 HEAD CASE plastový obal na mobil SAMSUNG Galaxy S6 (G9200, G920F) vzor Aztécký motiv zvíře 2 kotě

---

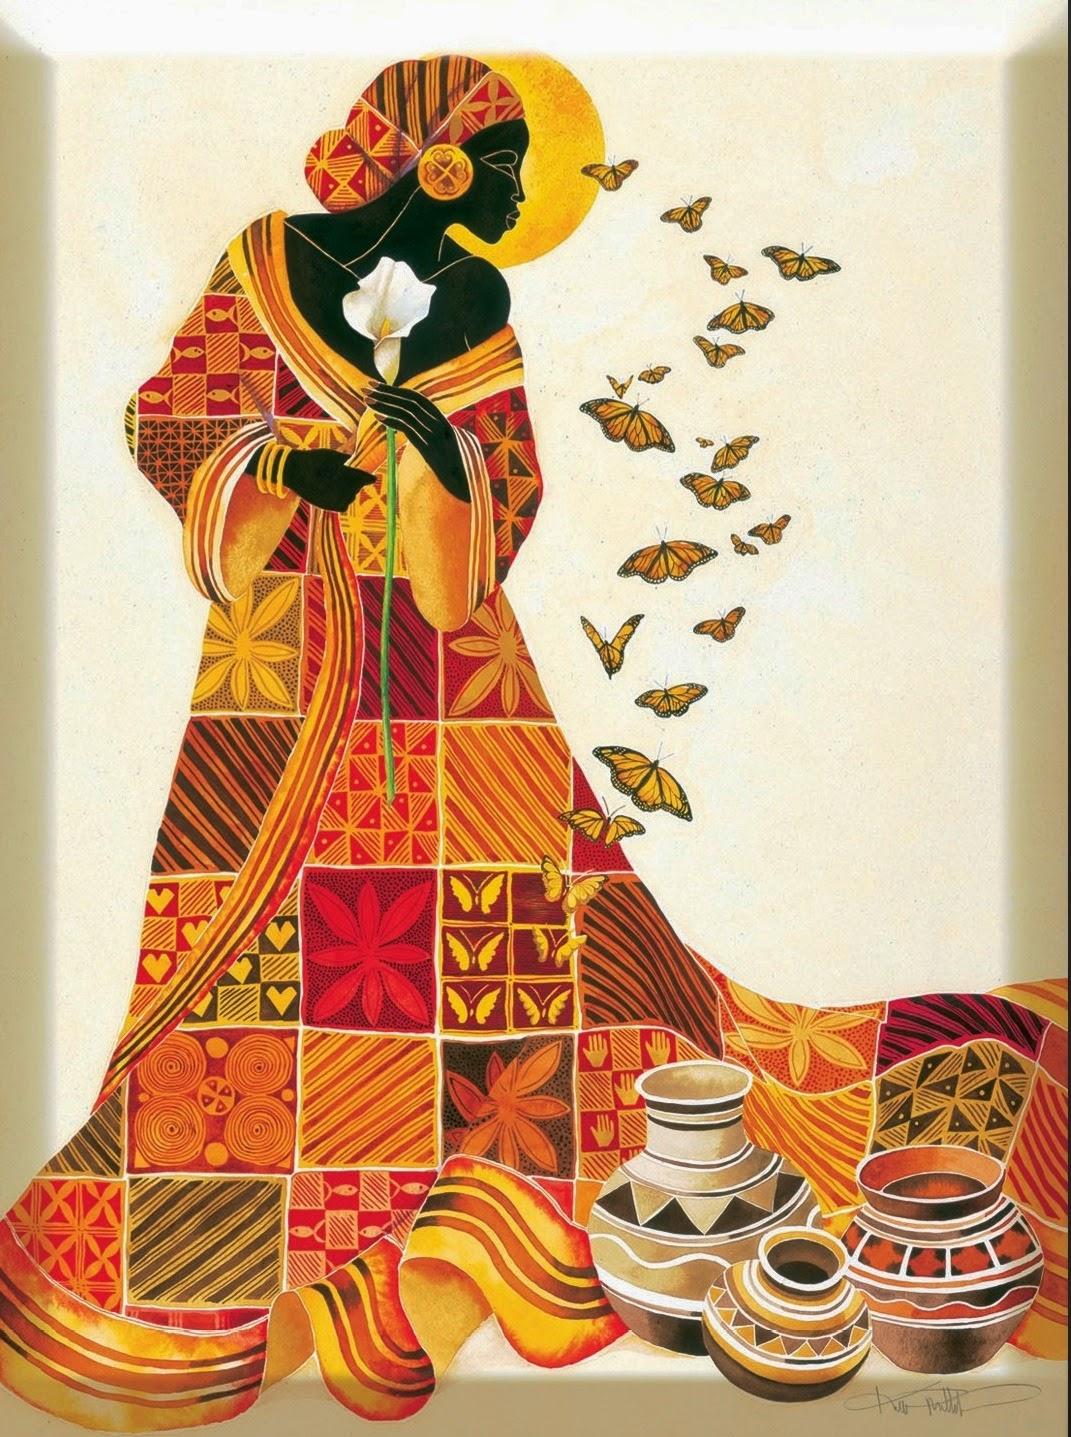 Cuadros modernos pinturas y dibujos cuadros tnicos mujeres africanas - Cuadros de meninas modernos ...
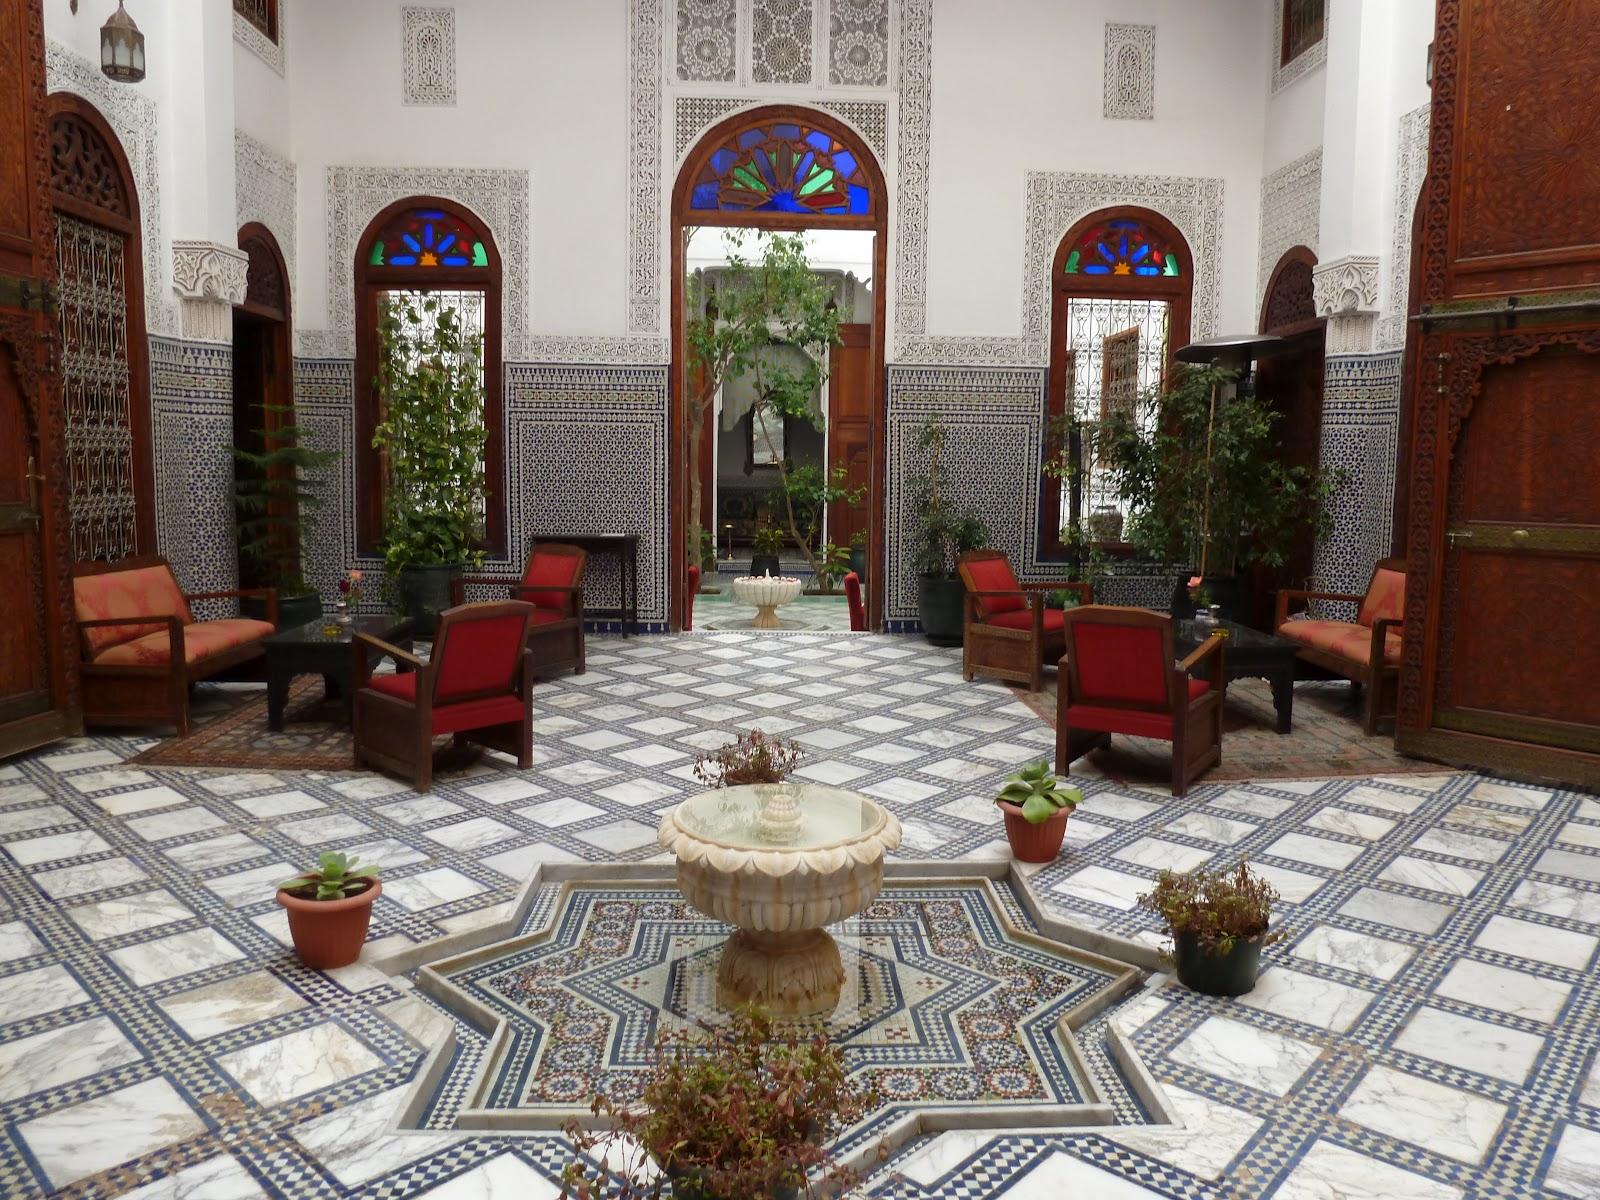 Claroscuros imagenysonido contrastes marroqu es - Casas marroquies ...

* _Task brief_:
Print nothing except the lines above from the one containing "Cuadros modernos pinturas" down to the one containing "Claroscuros imagenysonido contrastes", both included, exactly as written and free of pictures.

* _Answer to this task_:
 Cuadros modernos pinturas y dibujos cuadros tnicos mujeres africanas - Cuadros de meninas modernos ...
 Claroscuros imagenysonido contrastes marroqu es - Casas marroquies ...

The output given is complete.